Three things we learned this week in Ligue 1

‘Quel Choc!’ – Win against Paris Saint-Germain the perfect ending to Guingamp’s glorious week

En Avant de Guingamp topped off a week to remember on Sunday with a shock one-nil victory against Paris Saint-Germain, with a result that saw the French champions loose for the first time in Ligue 1 this season.

Earlier in the week, Jocelyn Gourvennec’s side, who qualified for the Europa League because of their Coupe de France success against their Breton rivals Rennes in May, were the only French outfit to progress through group stages of the competition thanks to a double from Claudio Beauvue, in a two-one win in Greece against PAOK.

PSG’s unbeaten run in all competitions this season ended in Catalonia on Wednesday night, when they suffered a three-one defeat away to Barcelona and Sunday’s result at the Stade du Roudourou gave the men from the capital their first set of consecutive defeats since April.

 

PSG remain a point behind the current league leaders Marseille, while Guingamp’s sees them push up to thirteenth place in the standings, a feat made all the more impressive considering the fact that just seven weeks ago, the home side grabbed the headlines for all the wrong reasons when they were thrashed seven-two by Nice.

Having an almost full squad at his disposal has been a distinct rarity for Laurent Blanc this season, and the Paris manager made the most of his attacking and midfield options, with Zlatan Ibrahimović, Edinson Cavani and Ezequiel Lavezzi all starting in the forward line of the 4-3-3, while last season’s dynamic midfield trio of Marco Verratti, Blaise Matuidi and Thiago Motta were once again hoping to boss proceedings in the middle of the park

PSG’s main injury loss was the absence of the extremely influential Javier Pastore, but it was the away side who threatened almost immediately from kick-off when Cavani struck the crossbar with an inventive lob from the edge of the area, after Marco Verratti provided one of his trademark long through balls into the Guingamp box from inside his own half, highlighting the twenty-tw0- year old’s great vision on the pitch. However, the home side silenced  and stunned the away support with an early goal on eleven minutes.
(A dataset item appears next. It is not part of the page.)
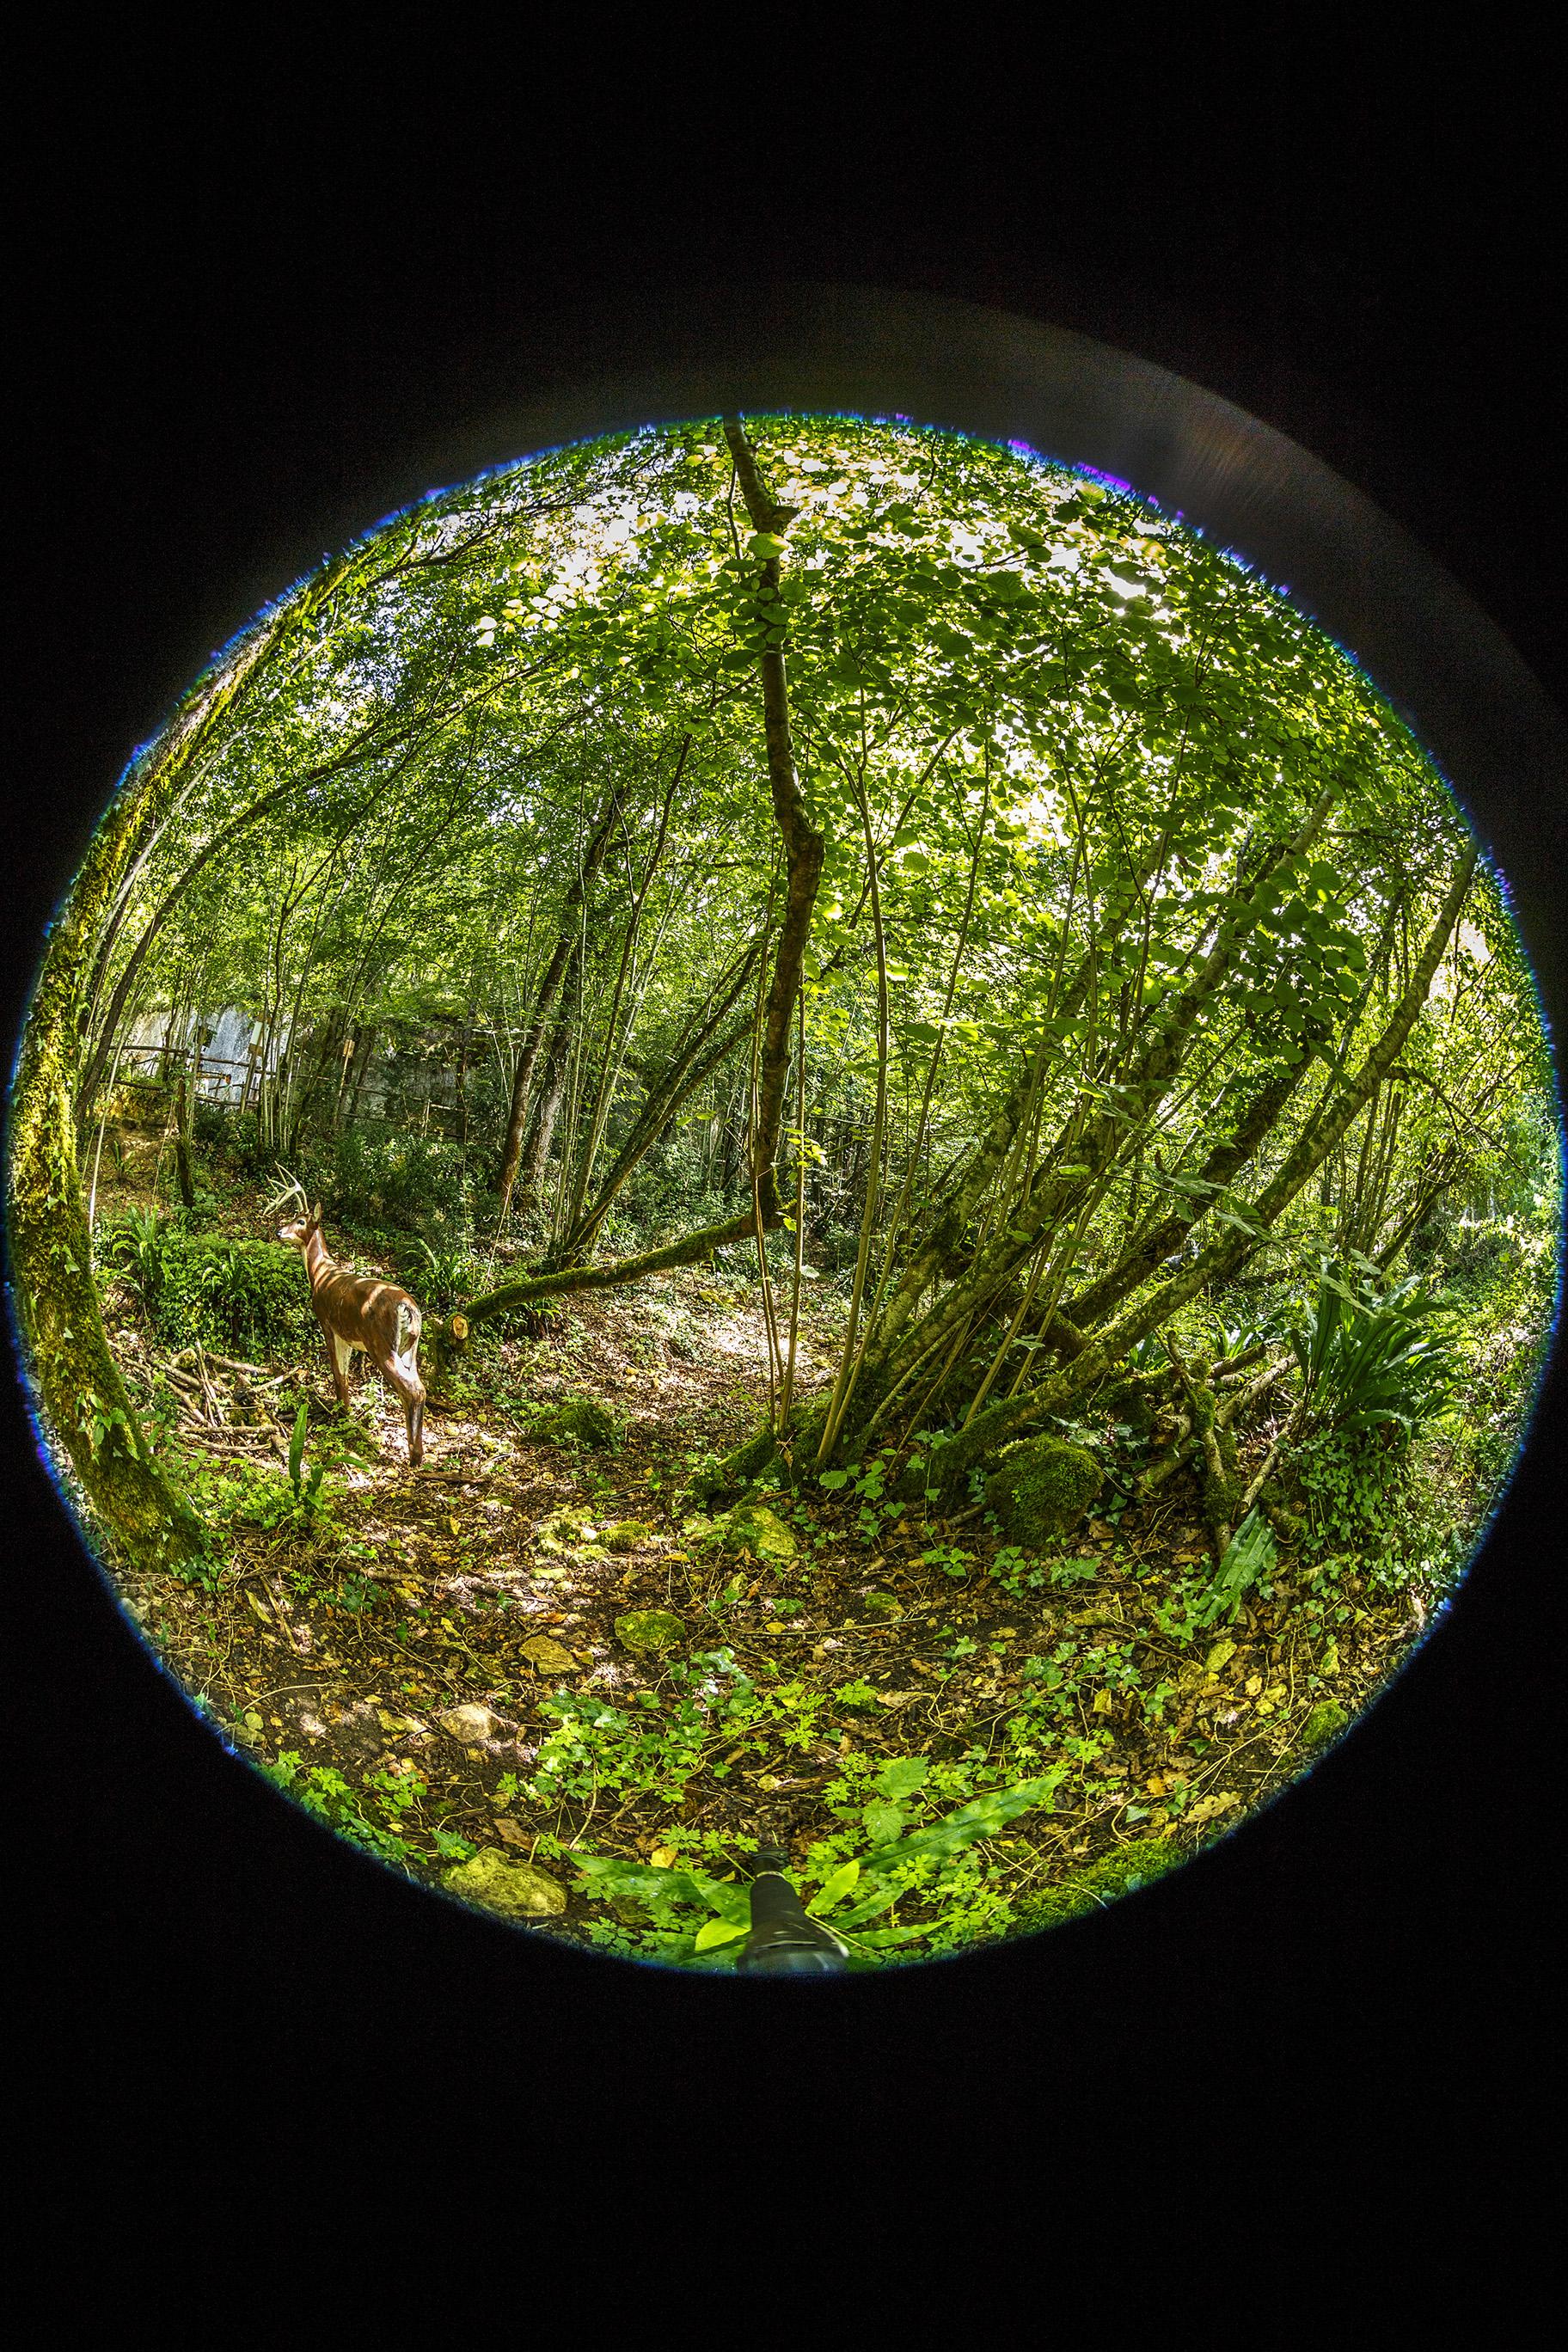 creer-une-visite-virtuelle.com_HDR_Roc_de_cazelle-8.jpg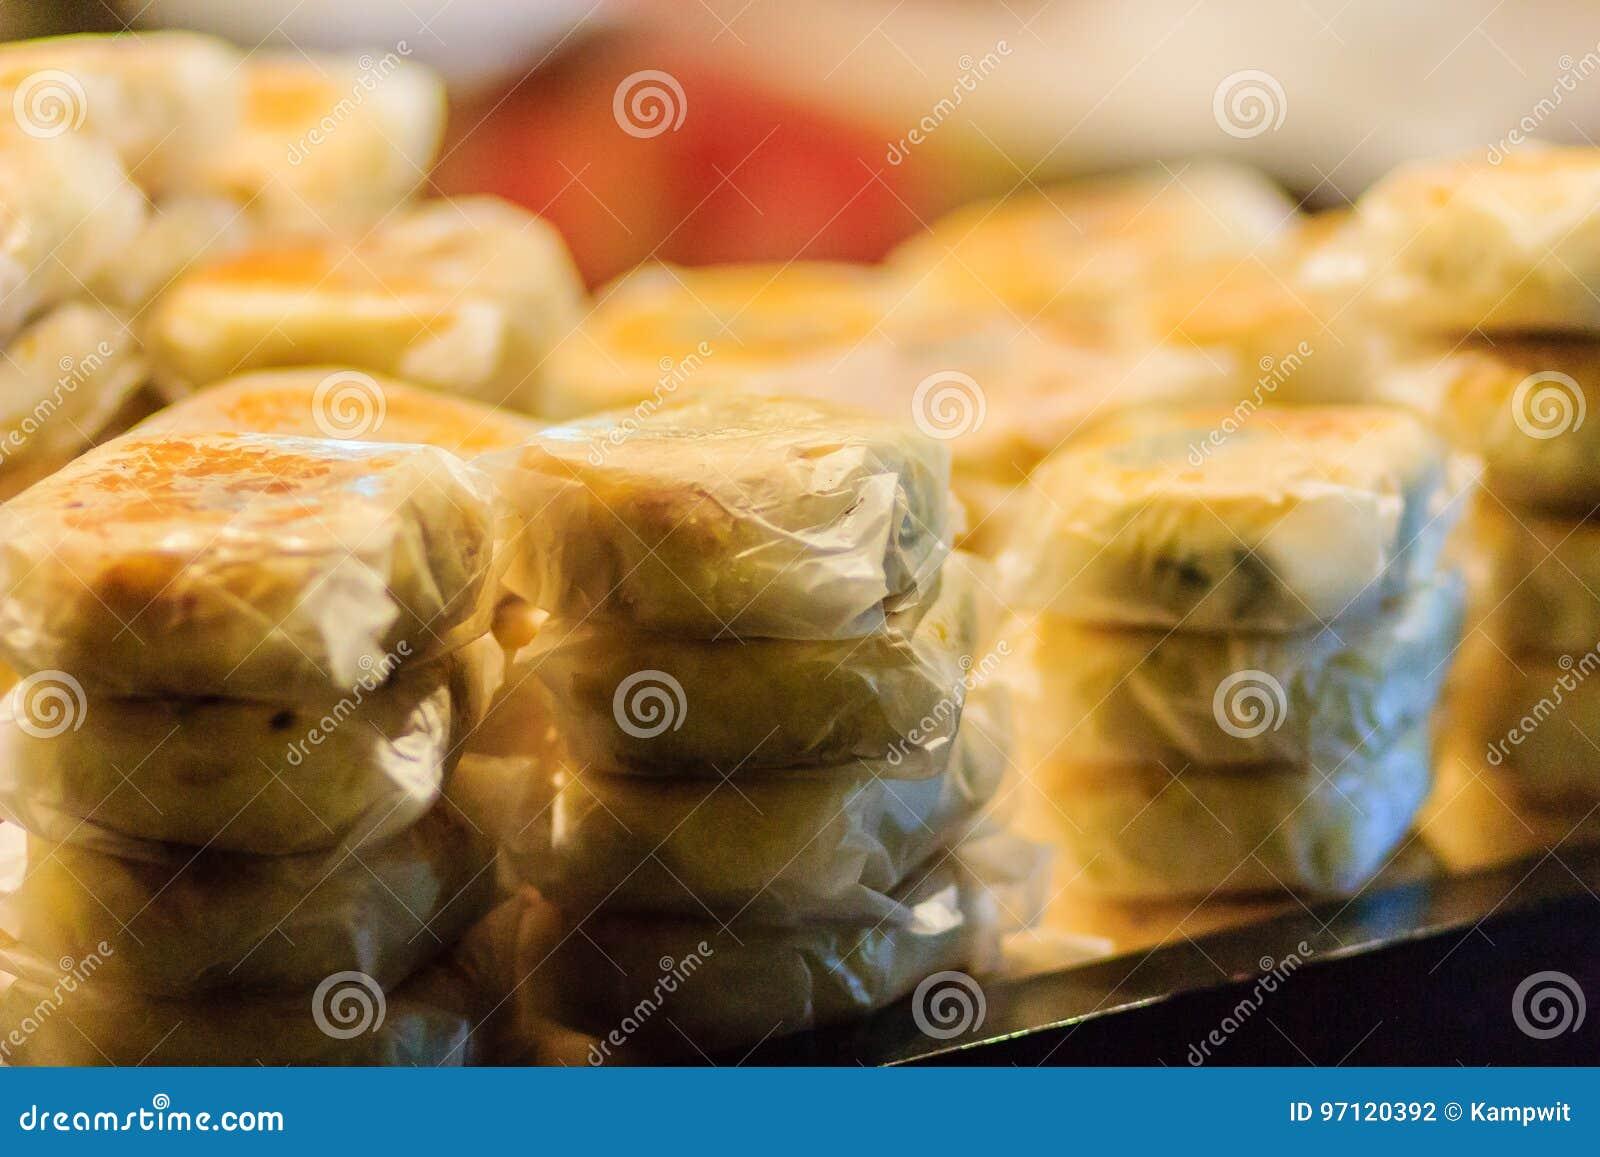 Księżyc tort lub Chiński antyczny deser dzwoniliśmy  Pia , antyczny desser

Thibault Giresse delivered a free-kick deep into the PSG box, which after a flick-on from Younousse Sankharé, made its way to Jérémy Pied. The on-loan Nice defender then showed his commitment when he bravely threw himself down towards the ball to head past Salvatore Sirigu. The goal, which perhaps owed more to lackluster PSG defending than the quality of Guingamp’s set-piece, remained the only goal scored in the match when the referee blew to signal half-time.

As expected, PSG continued in the second-half to attempt to find a way back into the game, but Guingamp remained disciplined and attempted to frustrate their opponents with their deep and narrow tactical set-up. The home side did however pose at threat on the counter-attack, with Beauvue eager to latch onto long balls played forward when Les Parisiens lost possession.

The twenty-six-year old, who Laurent Blanc compared during a press conference this week to Alexandre Lacazette in terms of his playing style, forced an important save from Sirigu on the counter, as did Sankharé a few moments later. At the other end of the park, Jonas Lössl made one of the saves of the season so far, when  Ibrahimović volleyed from close range after timing his run superbly to meet a Lavezzi cross at the back-post.

 

The Dane reminded spectators of his compatriot Peter Schmeichel with a ‘star jump’ dive when helped him to blocked the ball with his outstretched right-hand. PSG’s Swedish striker was once again unlucky not to score in stoppage time when his goal-bound shot from close range was blocked by his one-time international teammate Lars Jacobsen.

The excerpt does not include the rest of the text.